– Правый масляный насос, – пробормотал Янкале, и вдруг переднее стекло взорвалось от близкой вспышки молнии, нет, от ракеты, крылья охватило пламя, немедленно катапультироваться, услышал он в наушниках, неужели конец, мелькнула мысль, черта с два, задыхаясь, он сорвал с себя бездействующую маску и с залитыми кровью глазами тянул, тянул машину дальше, наконец, проклиная заклинившееся шасси, прополз брюхом по горячему бетону, а к нему уже бежал командир отряда, матерясь от радости и медленно тая в тумане времени, потому что он вскоре погиб в стычке с сирийцами, и вдруг все это пропало, и остался только Янкале, постаревший на двадцать лет, и «Боинг», который, как усталая птица, опускался на аэродром Бен Гурион.
– Хорошо, что дождя нет, – сказал он. – Поэтому и сели так легко.
Сквозь прикрытые веки командир хмуро разглядывал товарища, на мгновение показавшегося ему незнакомым. Спросил, сдерживая раздражение:
– А что это за пение у нас на борту?
Он встал, вышел из кабины и зычно перекрыл голоса молящихся:
– Хватит, хватит. Он услышал вас!
Потом зашагал между рядами к Баруху и Менделю, робко жавшимся друг к другу. Улыбаясь, положил им на плечи сильные руки:
– Насмешили вы меня. Если бы не это, не видать бы нам Эрец Исраель…
Тут началось всеобщее взволнованное движение к выходу, где стояли две растерянные стюардессы. Страшное дело: никто не встречал их на огромном поле, словно они опустились на землю необитаемую, а не Обетованную. Но там, за высокими стенами терминала была жизнь. В середине зала, полутемного от отсутствия электричества, нечетко выделялась фигура худого бородатого человека, как бы созданного из двух красок – черной и серой.
– Я тоже знаю, что такое демократия, – говорил Бар Селла, сдерживая возмущение. – Ее превратили в идола, а Тора отвергает всякое идолопоклонство.

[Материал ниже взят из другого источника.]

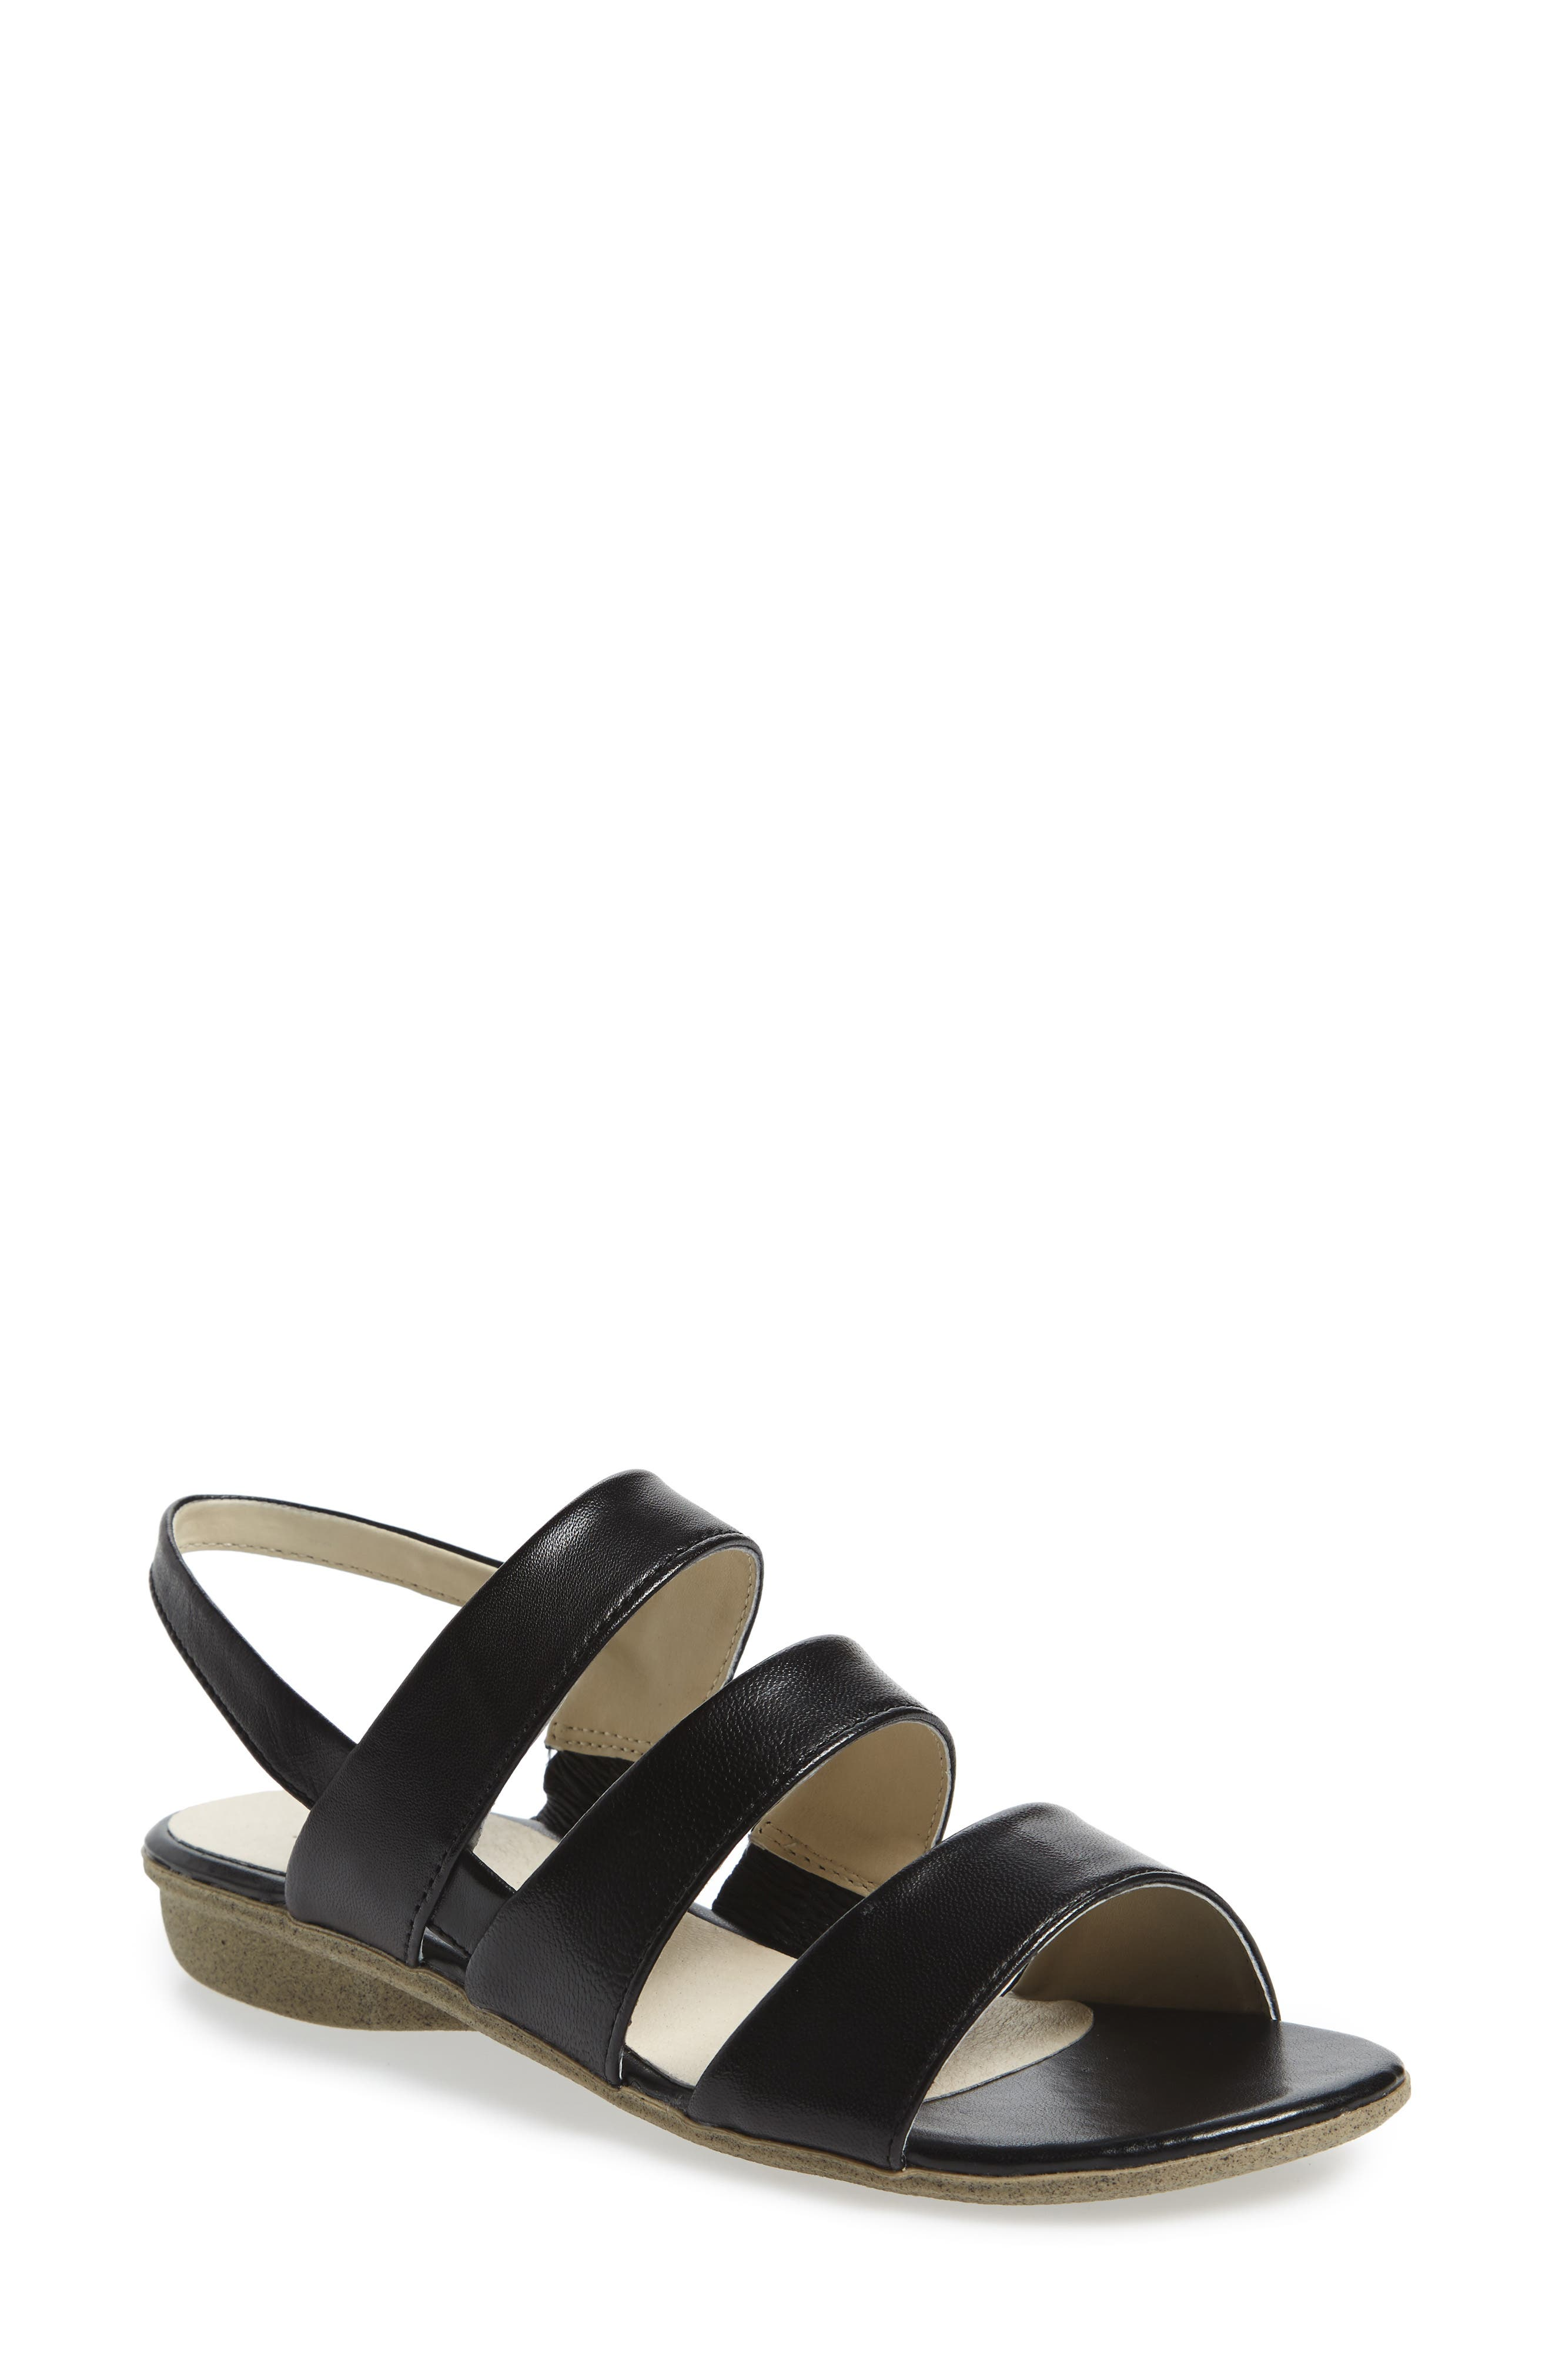 Fabia 11 Sandal,                             Main thumbnail 1, color,                             008

В стороне от него сновали никем не званные, но уверенные люди, представляя вездесущее телевидение.
– Шмулик, ты готов? – громко спросил кто-то, очевидно, режиссер.
– Готов! – крикнул оператор. – Дайте больше света! – и бесцеремонно обратился к раввину. – А вы повернитесь немного влево!
Тот, сосредоточенный на своих мыслях, не обратил на него внимания и продолжал:
– Этим словом, обозначающим народную власть, вы лишаете сейчас домашнего крова сотни пассажиров, которые и есть народ.
Тут вспыхнул яркий луч прожектора, и на противоположной стене, как в театре теней, открылся истинный смысл происходящего: клин бороды Натана остро колол взъерошенные головы его противников.
– Повторяю: если стачечный комитет не может сделать исключение из правил, мы с начальником аэропорта возьмем это на себя.
Общее негодование было ему ответом.
– Дай им, Натан, дай им, сукиным детям! – крикнул Шмулик.
Подождав минуту, Бар Селла кивнул стоящему рядом чиновнику, тот сказал что-то по мобильному телефону, и в зал ворвался отряд полицейских. Бегом спустившись вниз, они подкатили к самолету трап, и масса обрадованных людей вскоре была уже у открытых ворот.
– Господин замминистра, – обратился к раву бойкий ведущий, – мы в прямом эфире. Этот поступок поставил под угрозу вашу не по возрасту быструю и многообещающую карьеру. Вас теперь попытаются растоптать, что делали с каждым, кто посягал на устоявшиеся догмы. Какими методами вы будете бороться за свое будущее?
Бар Селла отодвинул от себя назойливого репортера, сдержанно и вместе с тем решительно – так он, в сущности, ответил на его вопрос.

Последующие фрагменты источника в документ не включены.